Move region/currency gating out next. This preserves current interrupt behavior because the graph still routes through ask_user -> observe_user.

Stage 3: extract `prepare_context`¶

Move proactive decomposition and schema composition out before any planning decision.

Stage 4: extract `acquisition_gate`¶

Move deterministic calculator and acquisition routing out of the LLM path.

Stage 5: slim to `llm_plan_node()`¶

Reduce the old planner node to prompt construction and structured decision generation only.

Stage 6: extract `decision_policy`¶

Move all decision rewrites and retry caps into one post-planning policy node.

Only after behavior is stable should tests be renamed/reorganized.
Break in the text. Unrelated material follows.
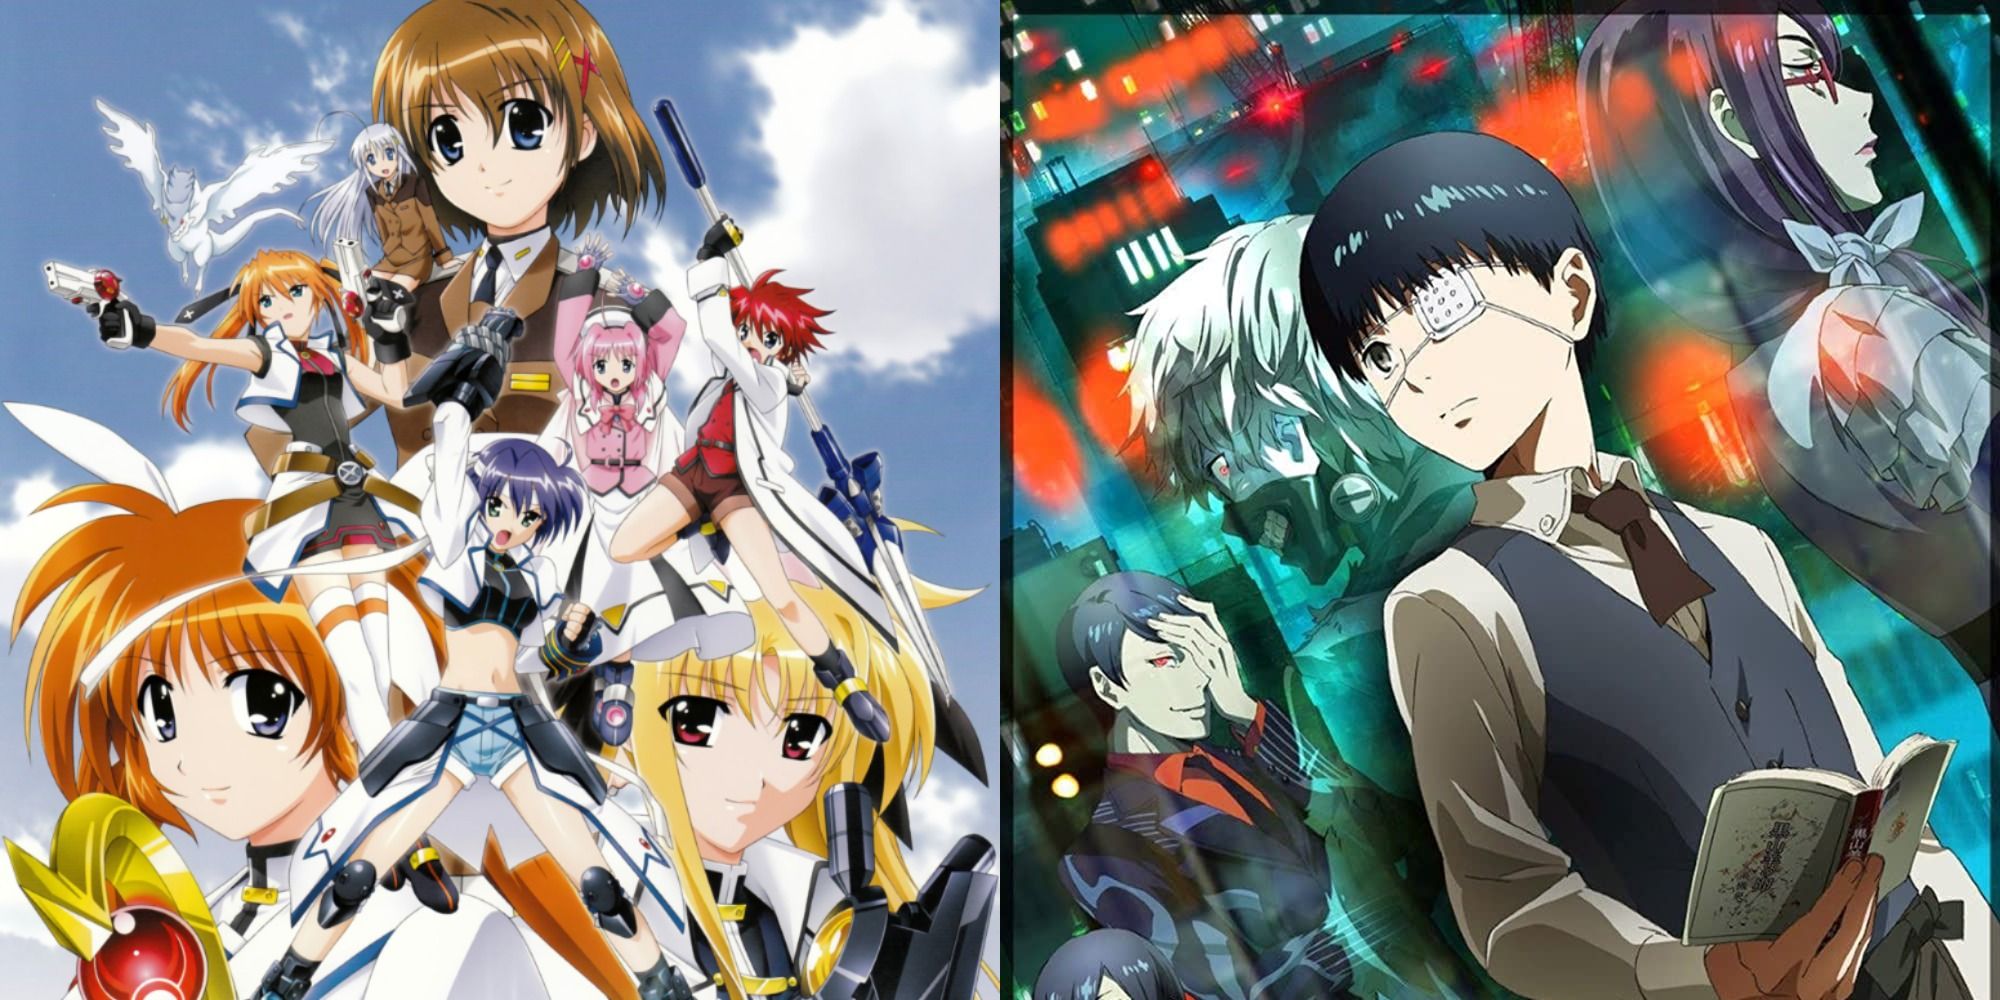 Split image showing characters from the Nanoha Strikers and Tokyo Ghoul animes
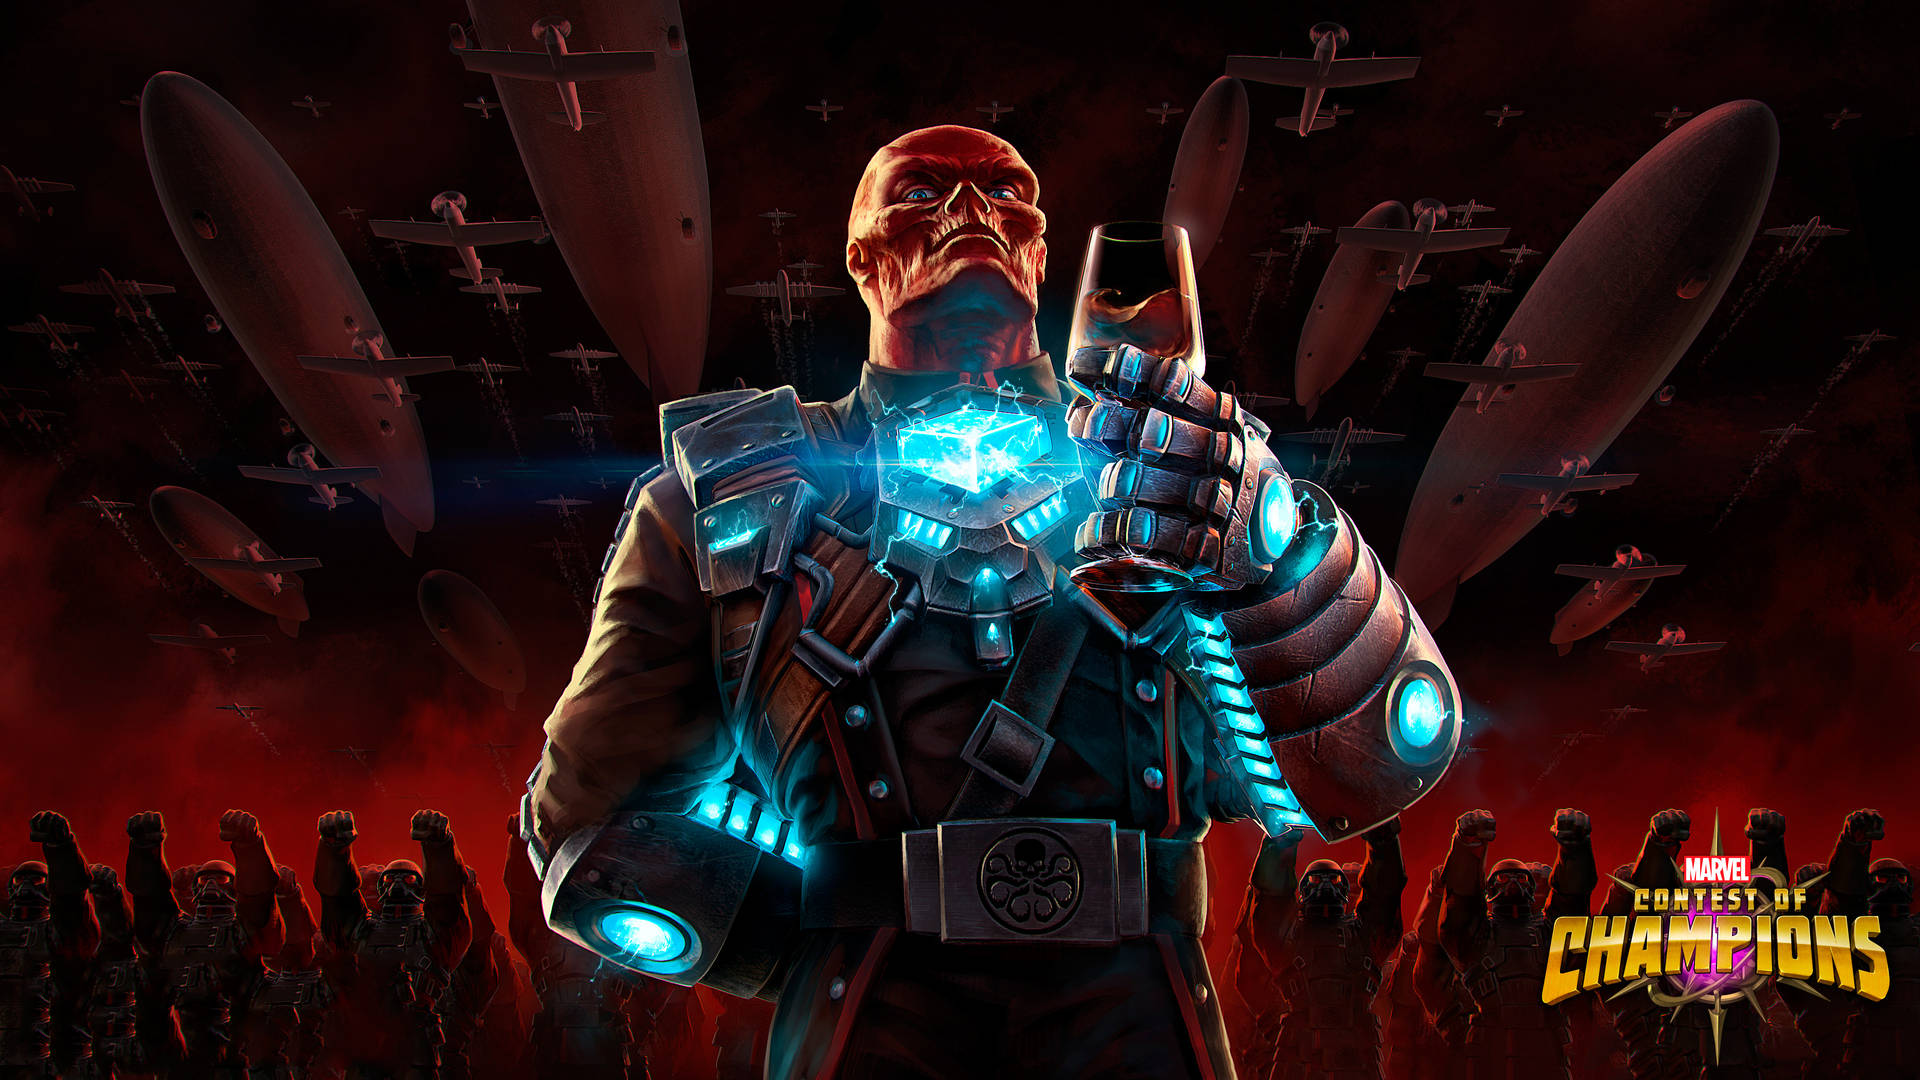 Red Skull Contest Of Champions

Risks and anti-patterns to avoid¶

Do not move state mutation into edge functions¶

Conditional edges should inspect state and return route labels only. Nodes should own mutations so checkpoints capture phase changes explicitly.

Do not increment iterations in every gate¶

Only tick should change iterations. Otherwise attempt logs and turn-scoped search extraction in run_planner_step() will drift.

Do not turn every policy rule into a node¶

One decision_policy node is enough. A longer chain like derived_redirect -> source_policy -> retry_policy -> calculator_policy would make the graph harder to follow than it is today.

Do not move interrupts into policy gates¶

ask_user should remain the single interrupting node. Gate nodes should create decisions, not pause execution themselves.

Recommendation¶

Adopt the staged graph split above.

The key design rule is:

deterministic orchestration belongs in graph phases; business logic stays in helpers; LLM planning stays small.

That keeps the planner graph honest: the graph shows the lifecycle, while helpers keep the domain complexity out of routing glue.